- ASSIGNED TASK
One range is to be output from the listing below, exactly as written: the line with "Here’s What A" to the line with "#yoga #yogaposes #swanage", both kept.
RECORDS Start Marker
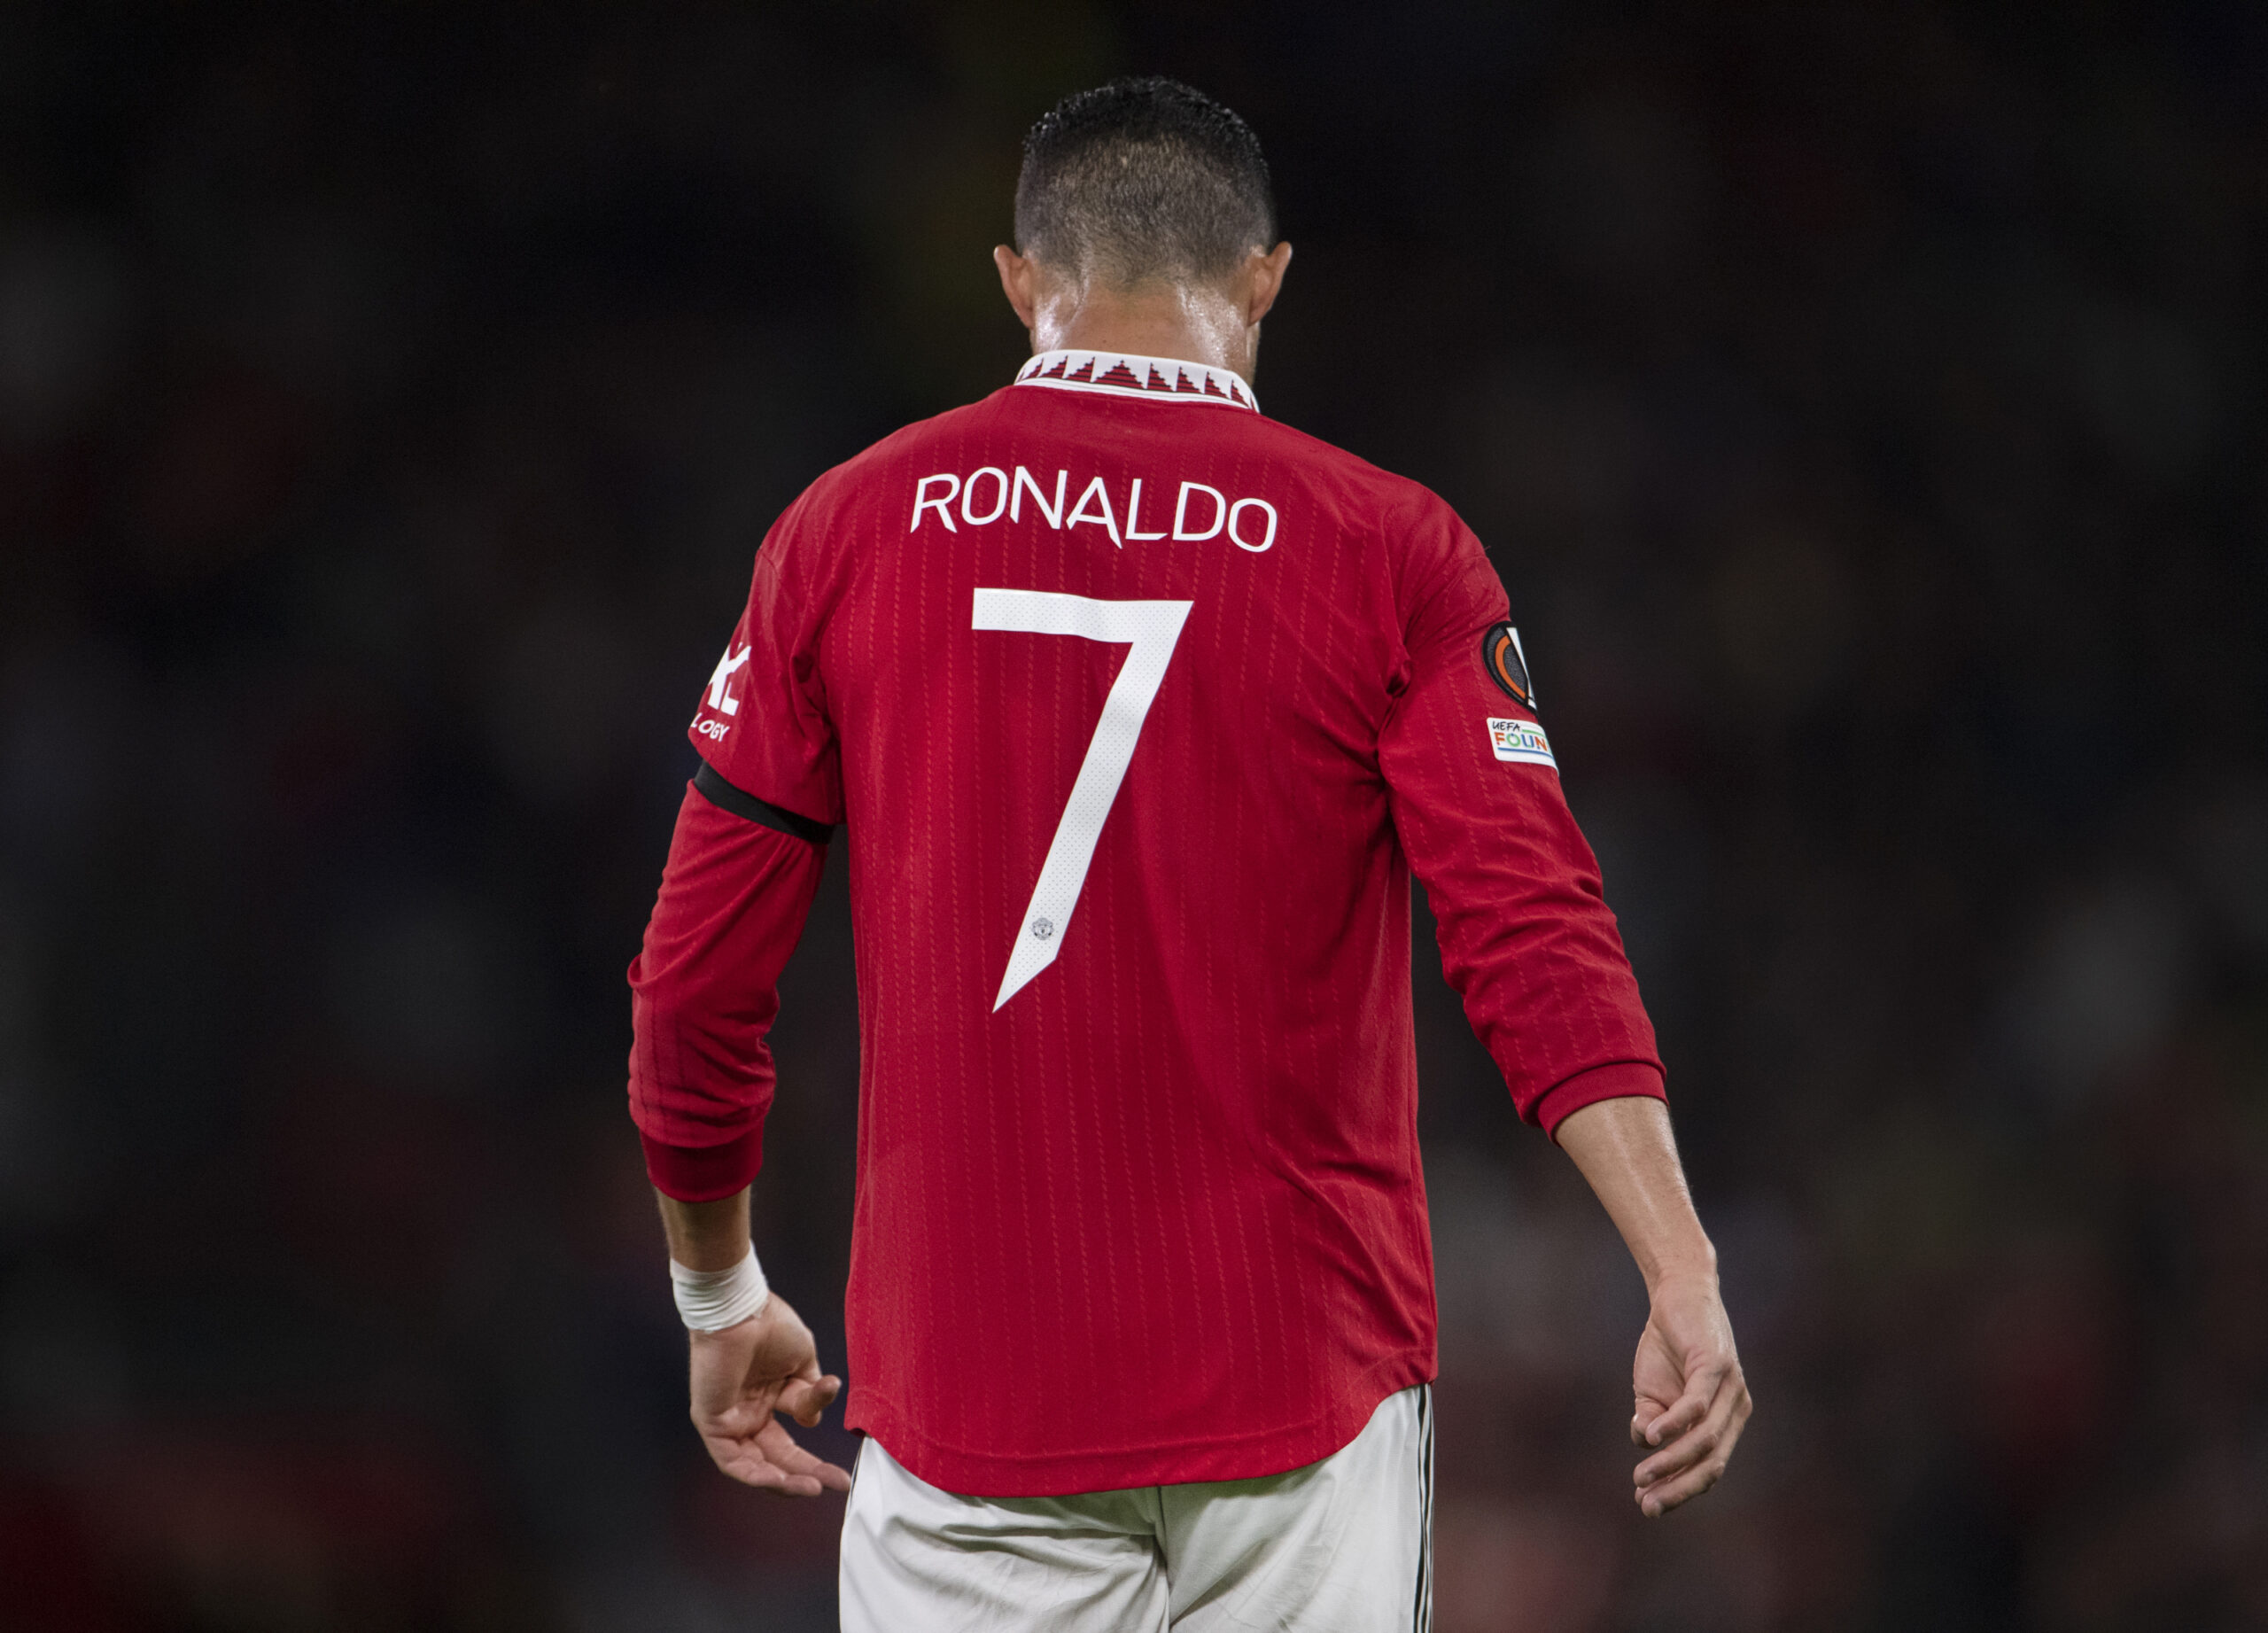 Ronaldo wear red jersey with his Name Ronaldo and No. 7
RECORDS End Marker
RECORDS Start Marker
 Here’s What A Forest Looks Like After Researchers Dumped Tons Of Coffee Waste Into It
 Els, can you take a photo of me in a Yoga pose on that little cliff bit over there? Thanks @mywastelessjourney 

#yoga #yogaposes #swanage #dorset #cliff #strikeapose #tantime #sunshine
RECORDS End Marker
RECORDS Start Marker
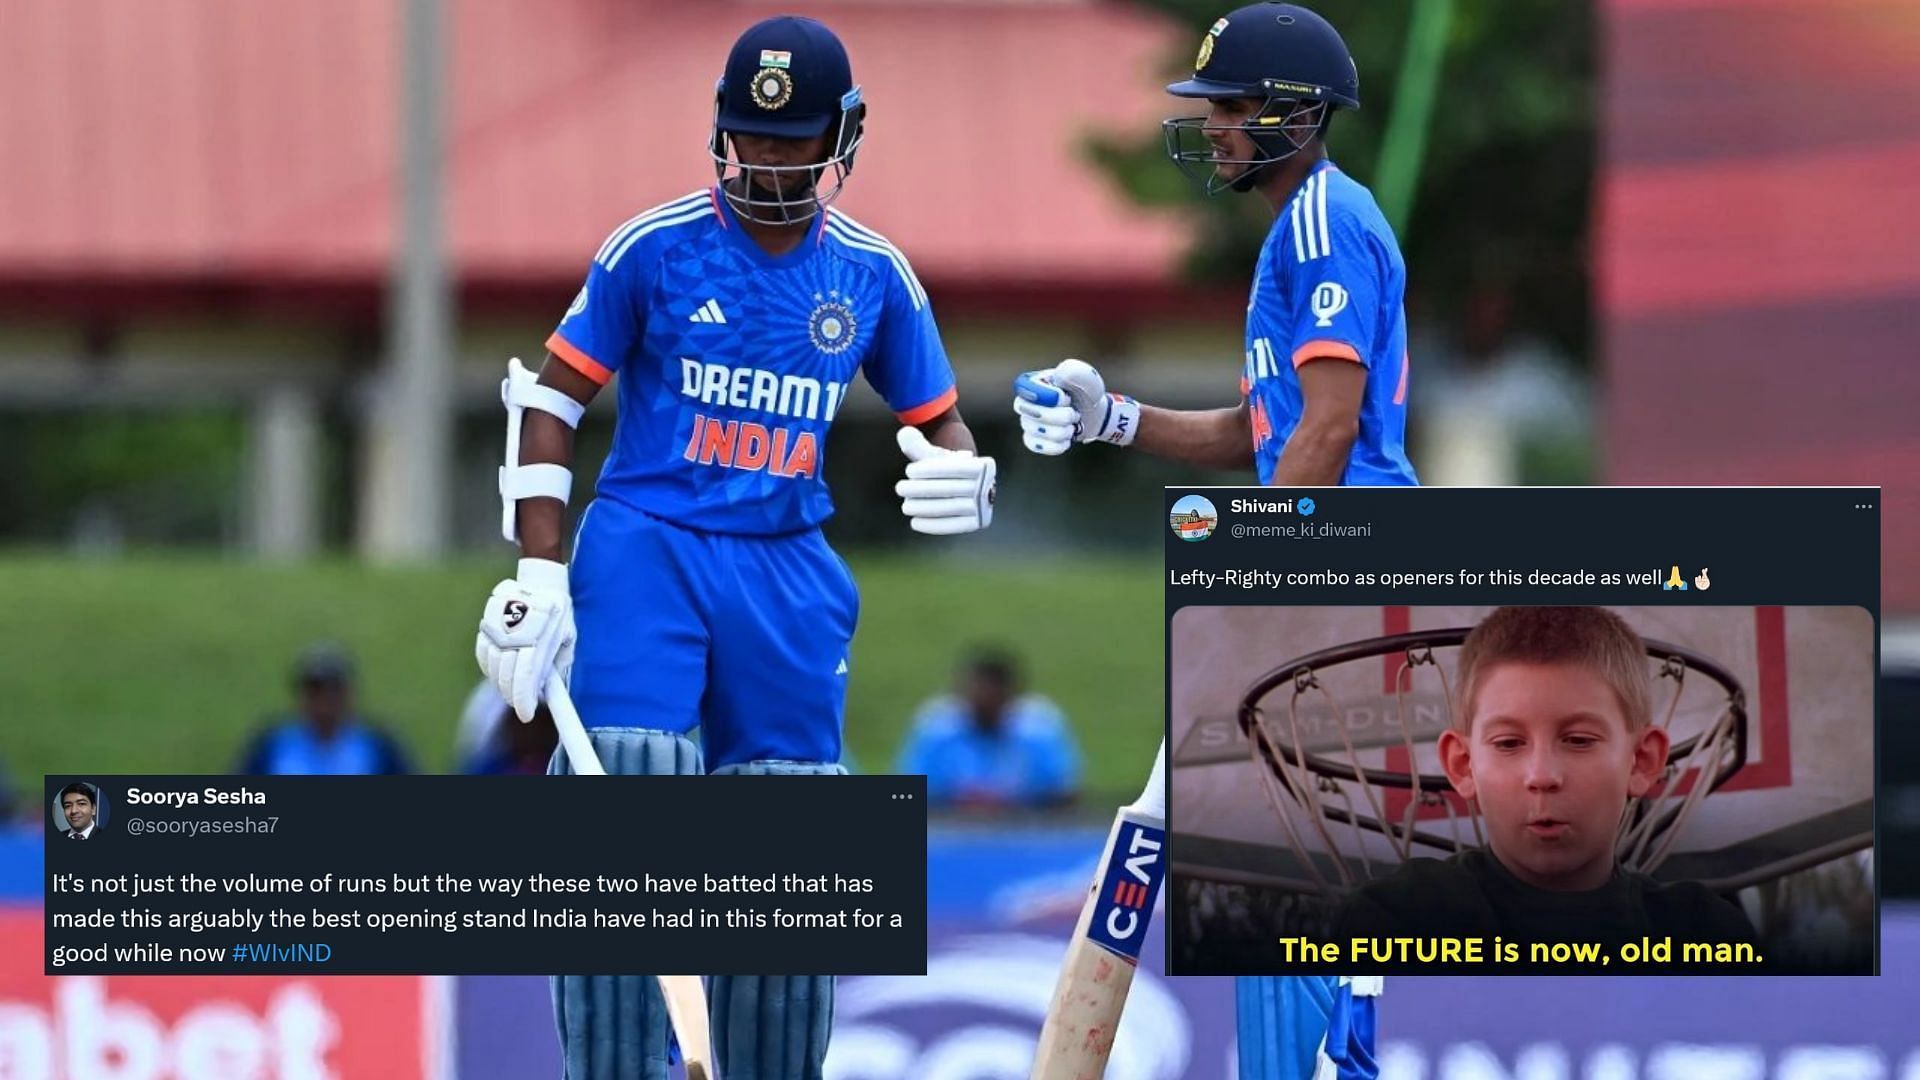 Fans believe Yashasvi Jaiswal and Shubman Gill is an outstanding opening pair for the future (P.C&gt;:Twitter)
RECORDS End Marker
- EXERCISE OUTPUT
 Here’s What A Forest Looks Like After Researchers Dumped Tons Of Coffee Waste Into It
 Els, can you take a photo of me in a Yoga pose on that little cliff bit over there? Thanks @mywastelessjourney 

#yoga #yogaposes #swanage #dorset #cliff #strikeapose #tantime #sunshine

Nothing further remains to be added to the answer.